De novo sequencing allows generation of primary genetic sequence of an organism. With longer read lengths and faster data analysis, de novo sequencing is much cheaper and quicker compared to Sanger sequencing.
Small RNA can serve as important biomarkers for diagnostic purposes. Digital gene expression using next generation genomic technologies can help in discovery and analysis of RNA without the need for previous sequence information. These systems are highly accurate and suited for analyzing low RNA expression levels.

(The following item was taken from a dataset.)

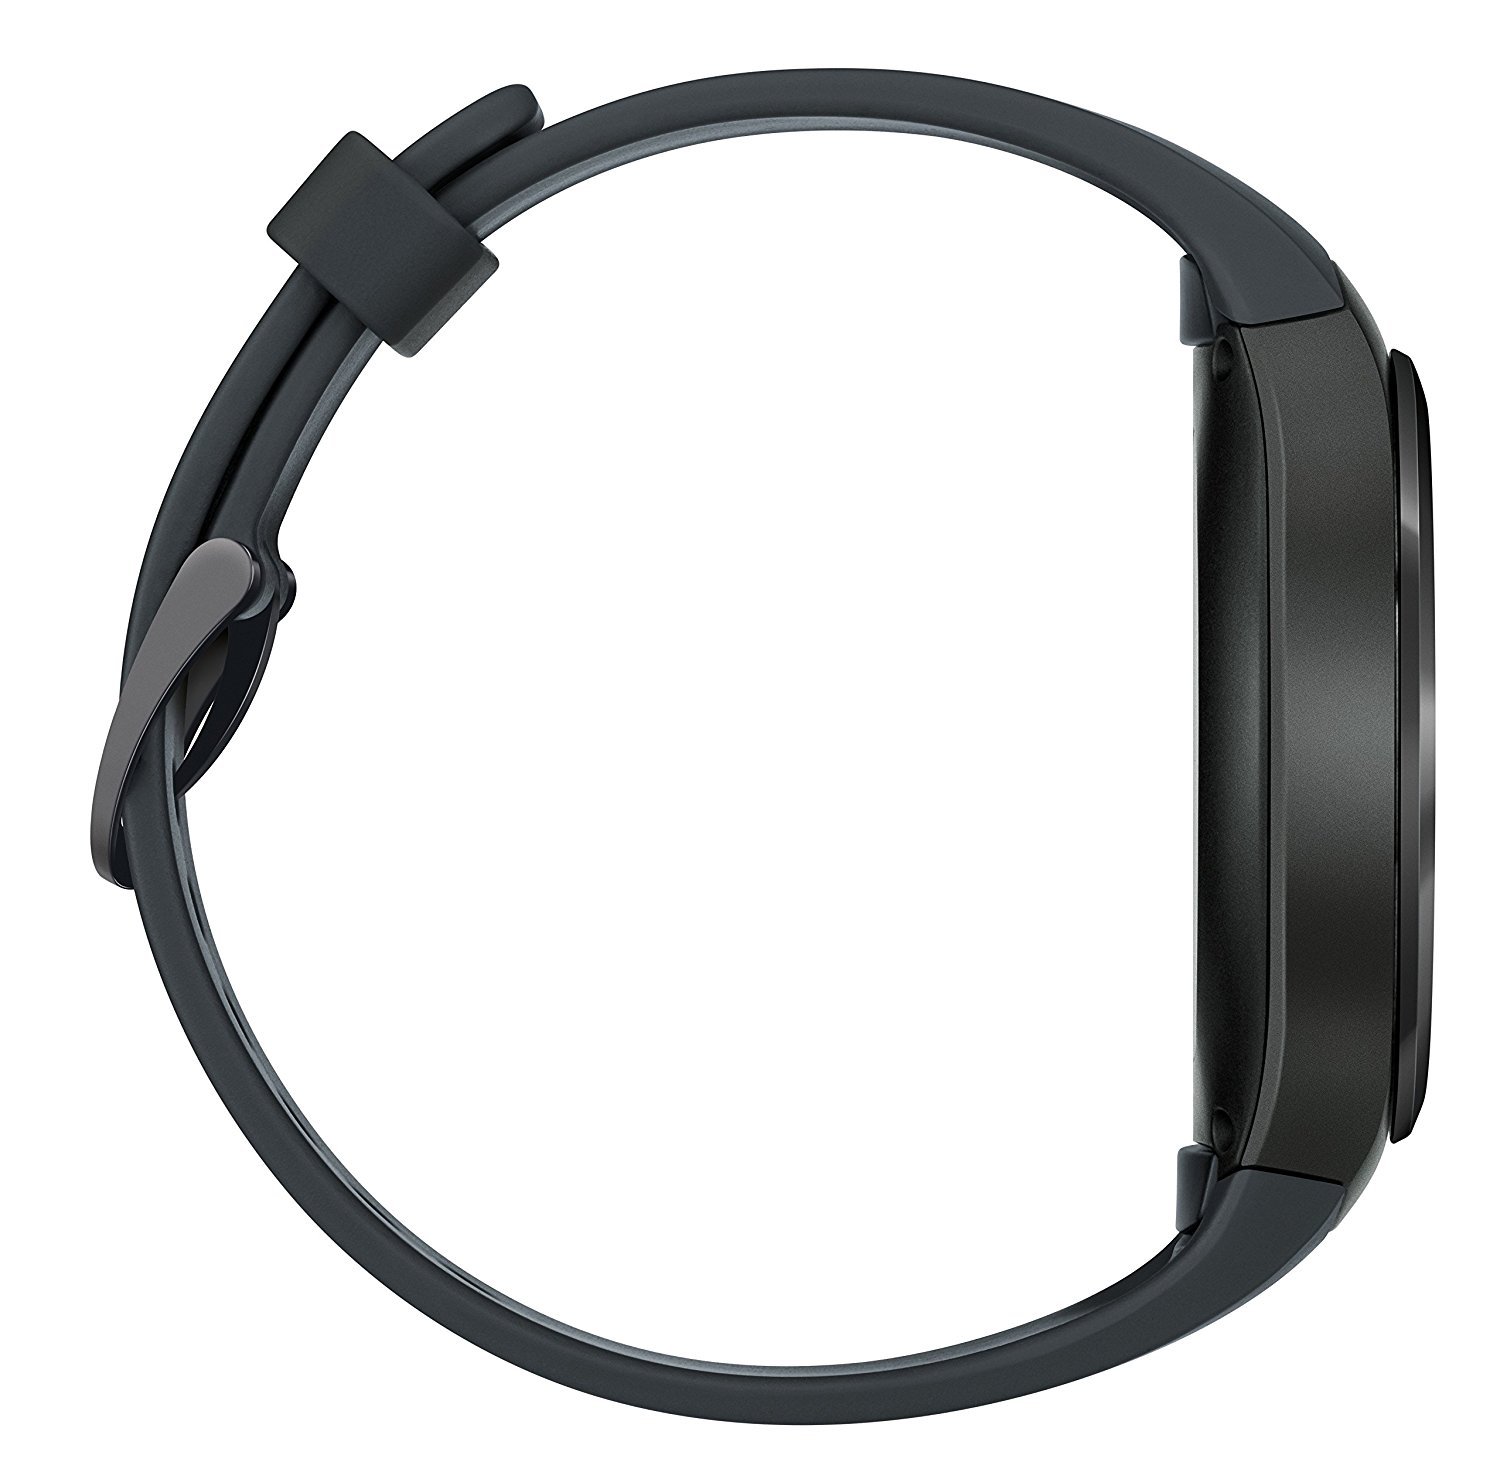 Samsung Gear S2 Wi-Fi Smartwatch - Fitness Tracker - Dark Gray (Renewed)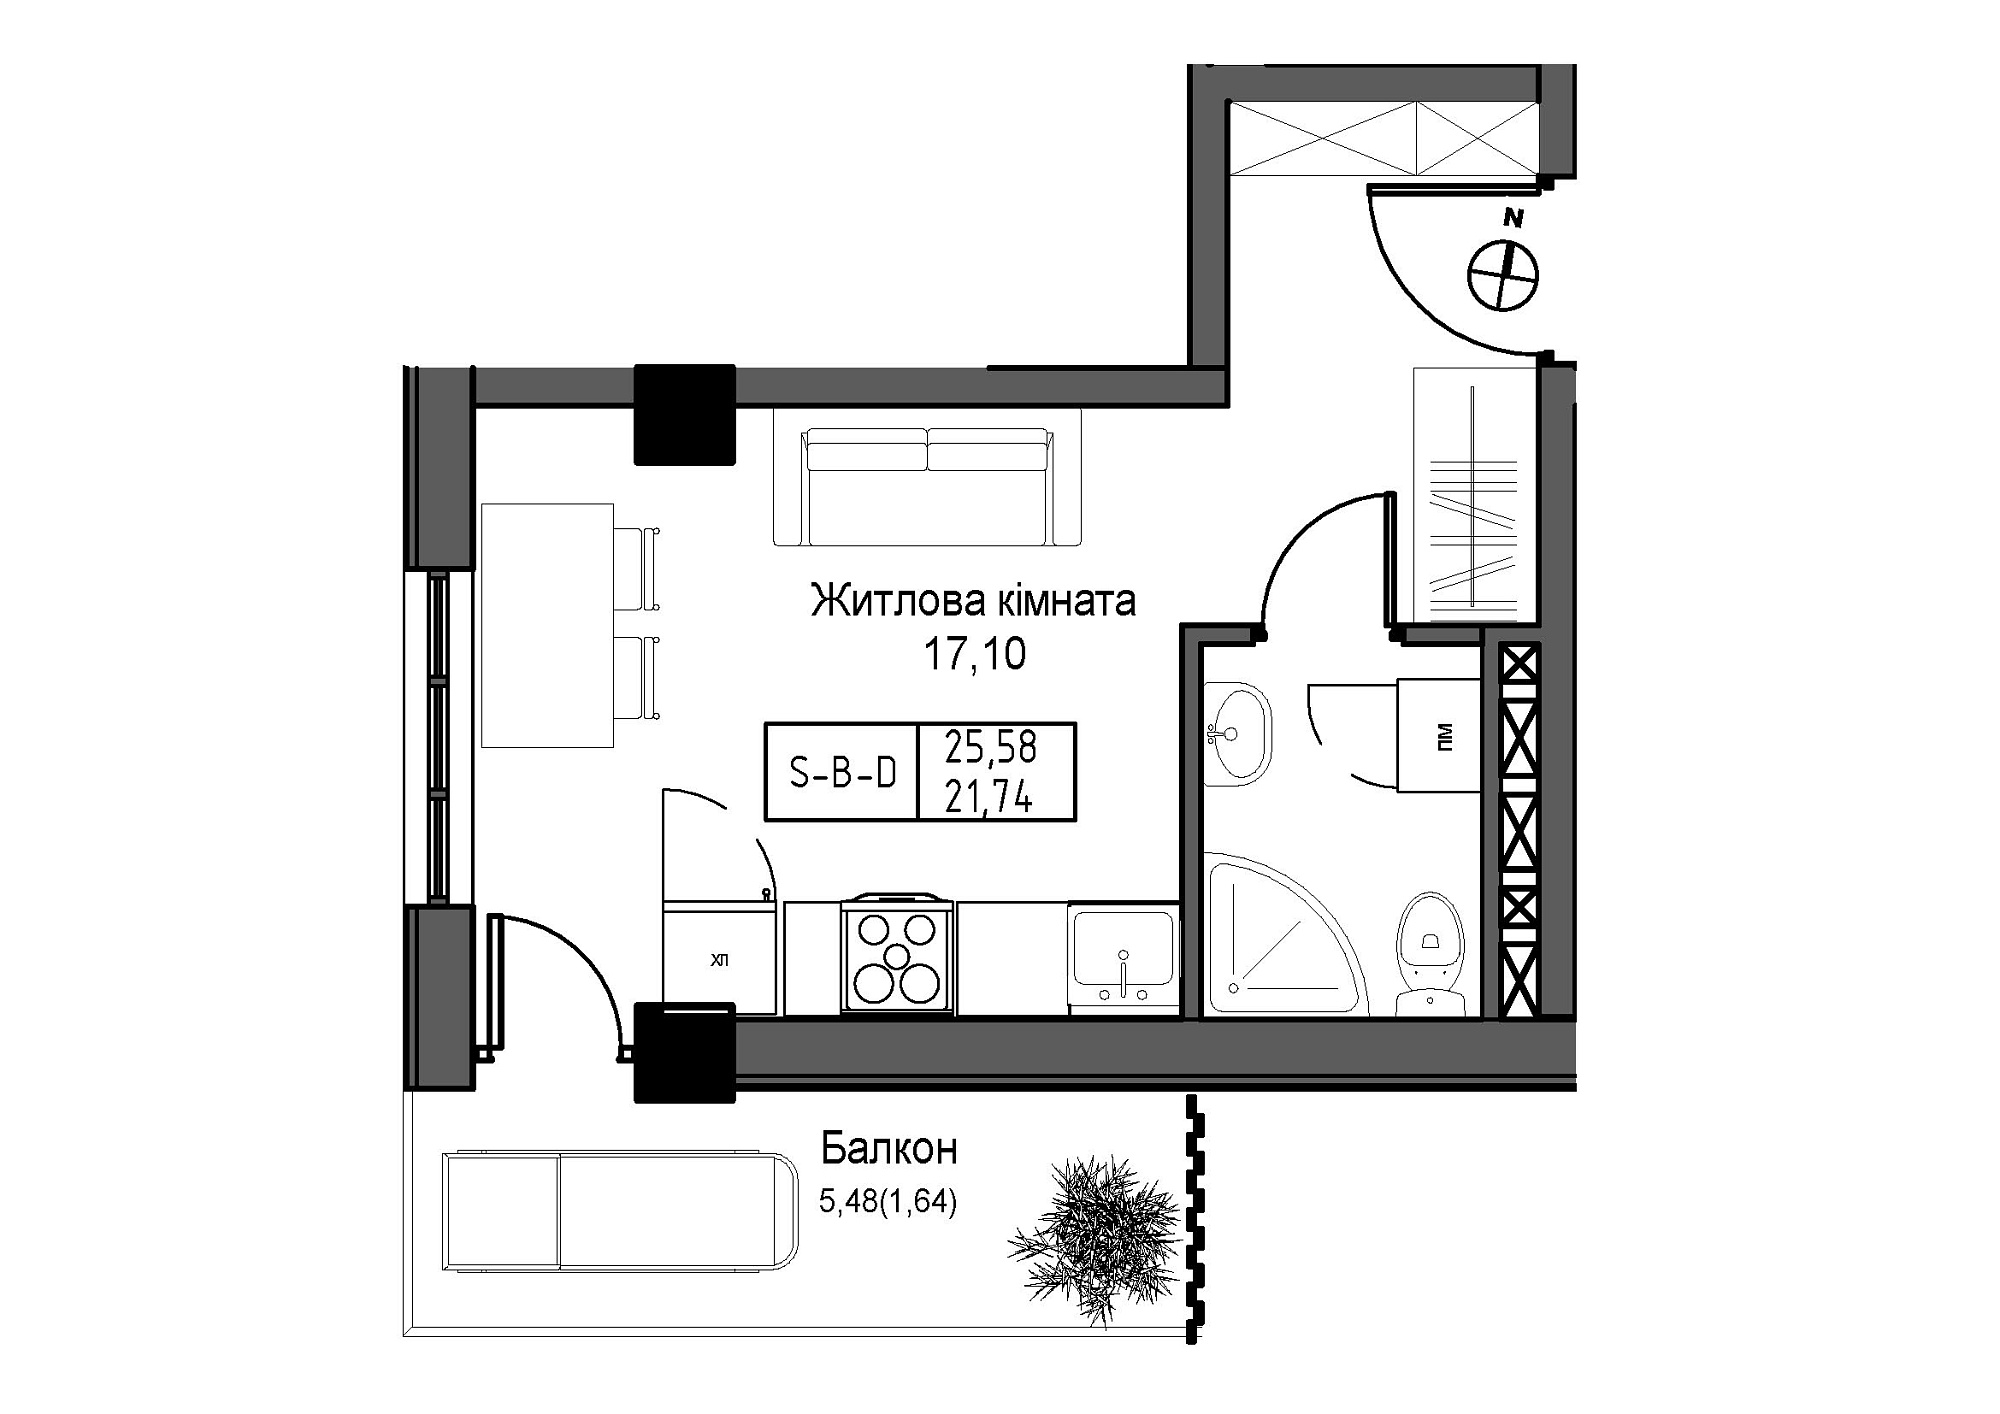 Планування Smart-квартира площею 21.74м2, UM-007-04/0010.

ChIP-Seq data sets analysis and annotation for identification of protein-DNA interactions of an entire genome.
Metagenomics annotations and classification requires high throughput or short read sequencing technologies in cases where DNA is purified from an environmental sample and sequenced. The sequences could be from several different species that need to be assembled.